O enfrentamento ao coronavírus em Santa Catarina

Analisando o enfrentamento ao vírus em Santa Catarina, Mielle questiona a falta de consenso nas medidas. As soluções adotadas no litoral eram diferentes das medidas de Blumenau, assim como na Capital e no Oeste.

“Desde o início, acho que houve um erro estratégico, que custou e está custando essa nossa demora em conseguir ver uma luz no fim do túnel. O erro começa lá atrás. A gente sabe que o Brasil já tinha informações. Acho que o governo federal é responsável, sim, mas isso se estende a todos os gestores”, defende.

Na visão do médico, os gestores sabiam o que deveria ser feito: faltou concentrar a energia em volume de testes, entender o real tamanho da pandemia e estabelecer um plano de ação.

“Houve muito erro no início em não testar pessoas que deveriam ser testadas e liberar pessoas com sintomas que provavelmente eram de covid-19, como se fosse um estágio gripal. Só se testava pessoas com os sintomas mais importantes, então, houve uma grande falha”, afirma.

Decisões conjuntas

O médico defende a adoção de medidas conjuntas, nas regiões, para melhorar o enfrentamento ao coronavírus. Ele faz referência às características da região do Vale do Itajaí, onde a ligação entre Blumenau, Balnerário Camboriú e Itajaí é muito grande.

“Se você tem uma medida restritiva em Blumenau e deixa o comércio aberto em Balneário ou Itajaí, as pessoas vão pra lá. Olhar só para um município, não dá mais. A mesma coisa Florianópolis. Tem que ver Garopaba, Gov. Celso Ramos, São José, porque as pessoas se deslocam e o vírus vai junto”.

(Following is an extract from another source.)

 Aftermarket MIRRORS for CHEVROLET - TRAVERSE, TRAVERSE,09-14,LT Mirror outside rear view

Mielle se diz defensor da ciência e, nesse caso, em detrimento a economia. “Se tivéssemos feito a lição de casa, o impacto econômico teria sido menor e passaríamos por um período de privação, objetivo. Mas, em um país acéfalo, cada um está tomando as suas medidas e as pessoas estão fatigadas desse processo.”

Quarentena

O médico de Blumenau também considera que não houve a implantação clara e objetiva de um isolamento ou de uma quarentena para o enfrentamento ao coronavírus. “Sempre digo que tivemos um aconselhamento para ficar em casa, mas não um isolamento.”

Sobre o crescimento de casos de coronavírus em Santa Catarina, Mielle relaciona com a ineficiência das medidas adotas. De acordo com os especialistas, para combater vírus, é preciso vacina ou remédio, mas o que fazer quando não se tem disponível nem um, nem o outro?

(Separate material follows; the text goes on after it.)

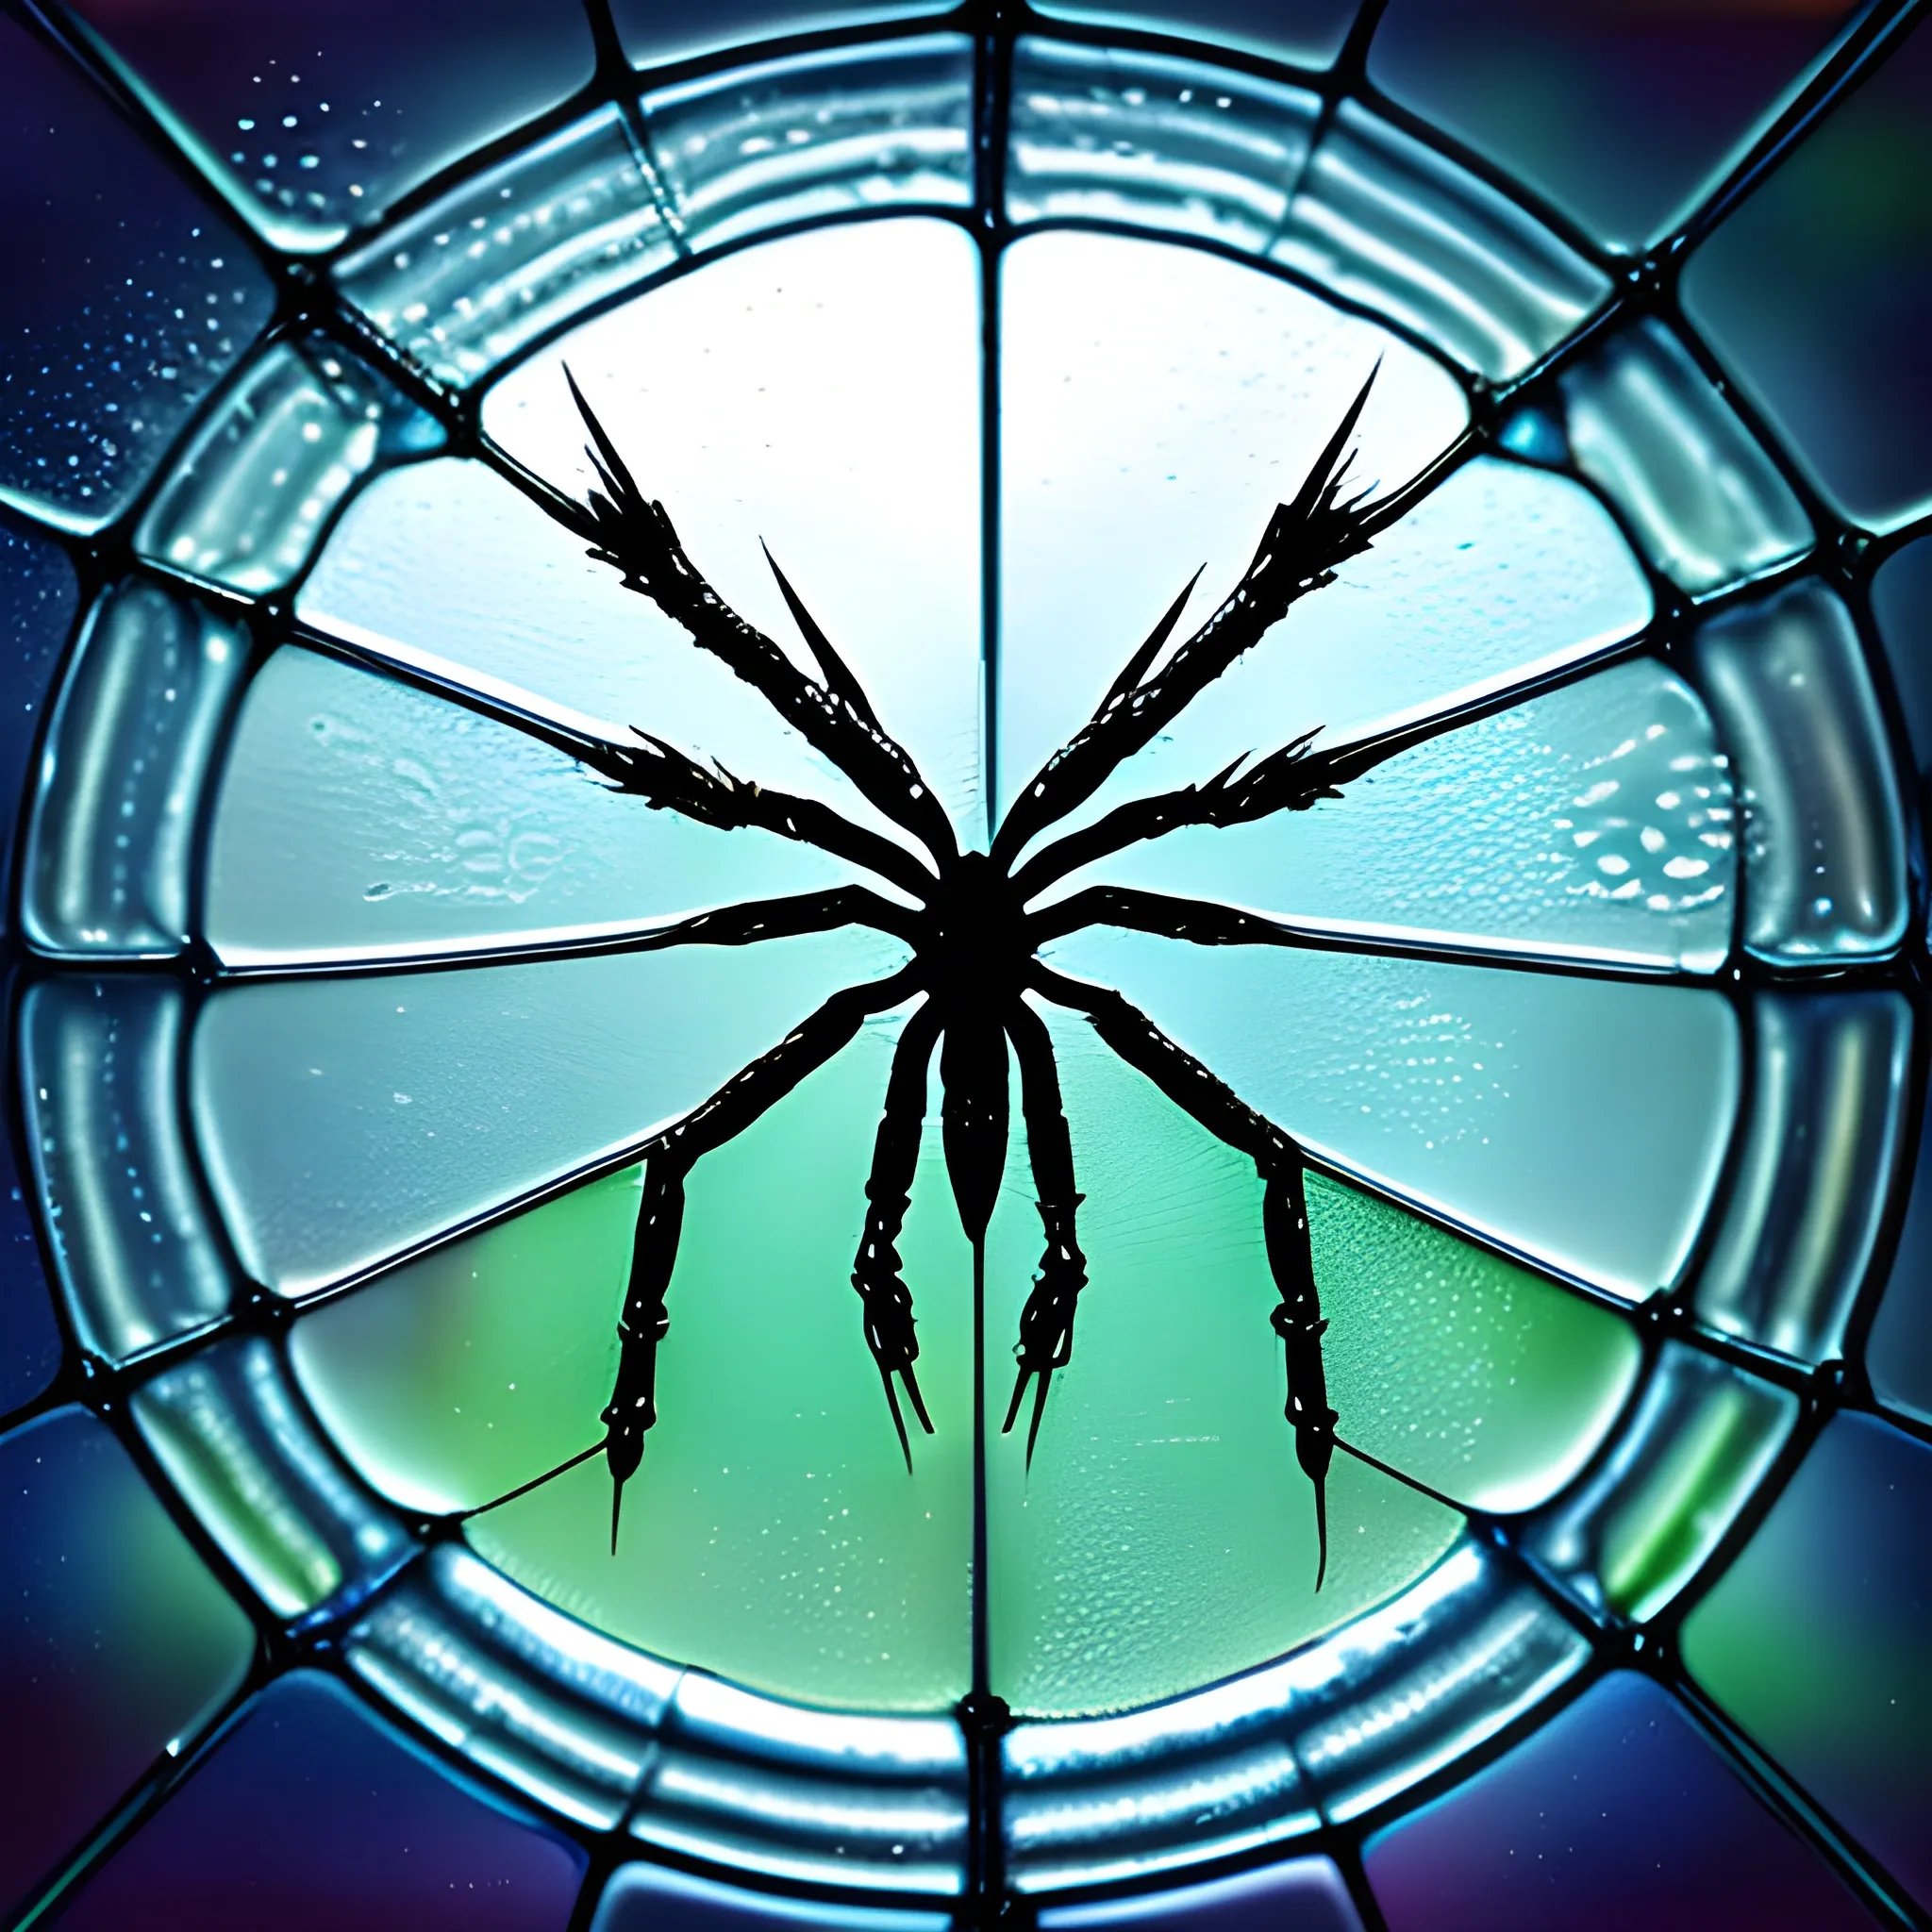 A photorealistic image of a glass window on a rainy, foggy day. The window is covered with water droplets. In the center, Spider with net shape is drawn  in a simple manner. The shape appears as if it is dripping water drops naturally, enhancing the realistic, natural feel of a rainy day. The background behind the glass shows the blurry, rainy scenery, contributing to the overall mood of the image The rainy and foggy background enhances the realistic feel of a rainy day, with the text clearly visible and centrally located on the window., Broken Glass effect, no background, stunning, something that even doesn't exist, mythical being, energy, molecular, textures, iridescent and luminescent scales, breathtaking beauty, pure perfection, divine presence, unforgettable, impressive, breathtaking beauty, Volumetric light, auras, rays, vivid colors reflects

“Se em quatro meses de história, a gente apresenta crescimento dos casos, é sinal de que as ações não foram eficazes. Vírus respiratório requer prevenção, distanciamento, máscara e tudo o que as pessoas estão lotadas de conhecimento. Alguns não aplicam, mas conhecimento as pessoas têm.”

Flexibilizações

Mielle também não confia nas medidas recentes que fazem o comércio fechar duas horas mais cedo em Blumenau. Para ele, não há estudo e base científica apontando para a eficácia dessa medida.

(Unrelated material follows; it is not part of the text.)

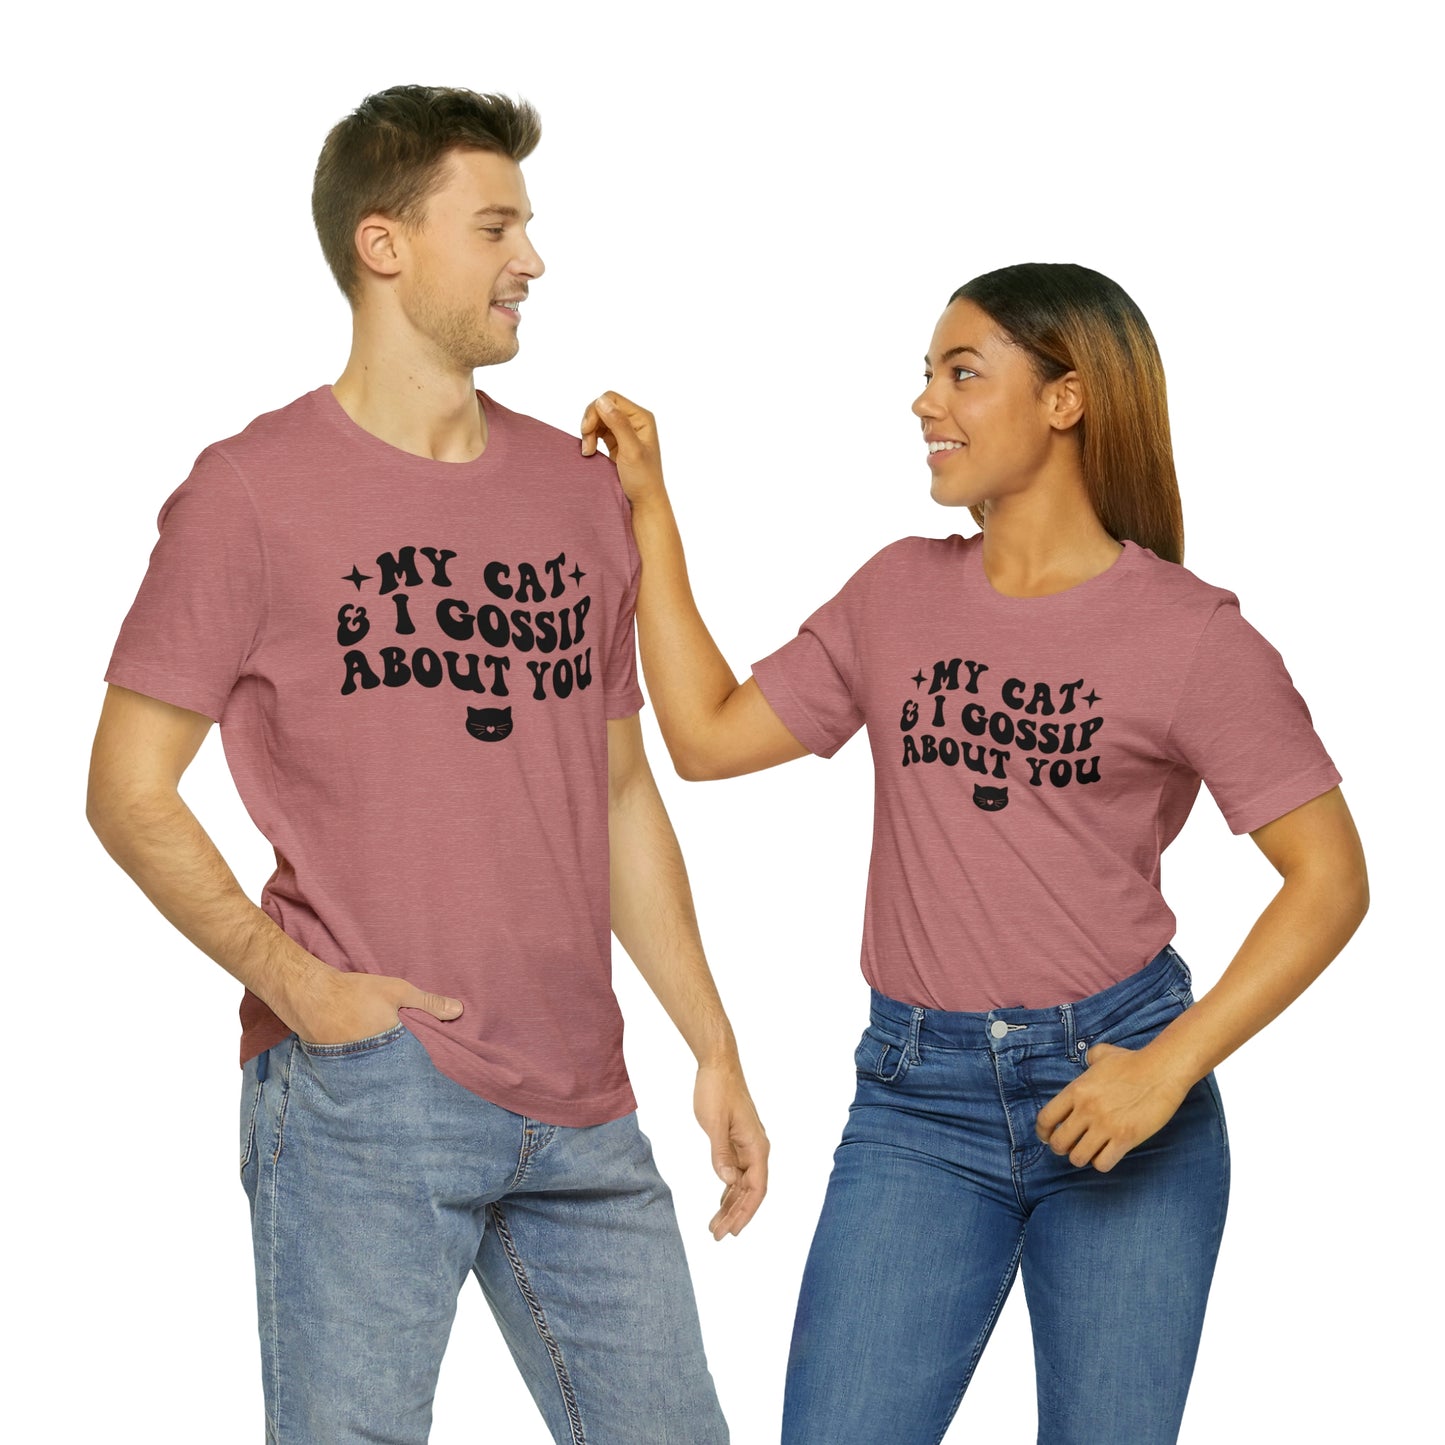 My Cat and I Gossip About You Short Sleeve T-shirt

“Baseado em que, você toma a decisão de antecipar o fechamento de um bar em duas horas? Qual é o detalhe? Onde está escrito que duas horas fazem diferença estatística quando se restringe  funcionamento do estabelecimento? O que a gente precisa ter é um pouco de benso, é ciência, estatística e epidemiologia para tomar medidas racionais.”

O primeiro caso de coronavírus, no Brasil, foi confirmado em 26 de fevereiro. Quatro meses depois, o país tem 1.280.054, são 56.109 mortes no país. Em Santa Catarina, o vírus chegou em março, com o primeiro caso no dia 12. 

Atualmente, o estado tem 22.947 casos e 298 mortes por coronavírus. Chapecó permanece a líder no número de casos e Joinville o número de mortes. Ao todo, 264 cidades catarinenses têm infectados com a doença.

“É desgastante, a gente poderia hoje estar falando sobre voltar escola, sobre se sentir seguro a trabalhar, ou seja, uma vida parecida com a que tínhamos janeiro, fevereiro, mas estamos distantes disso. Está provado que esse caminho, do jeito que a gente estava, não parece ser o correto”, ressalta Mielle.

Um número positivo? No aniversário de quatro meses da pandemia, o Brasil ultrapassou os Estados Unidos em casos recuperados de covid-19. Segundo a Universidade Johns Hopkins, o Brasil tem 660.469 pacientes recuperados e os Estados Unidos 656.161. Para um e para outro, o enfrentamento ao coronavírus ainda é uma necessidade vital.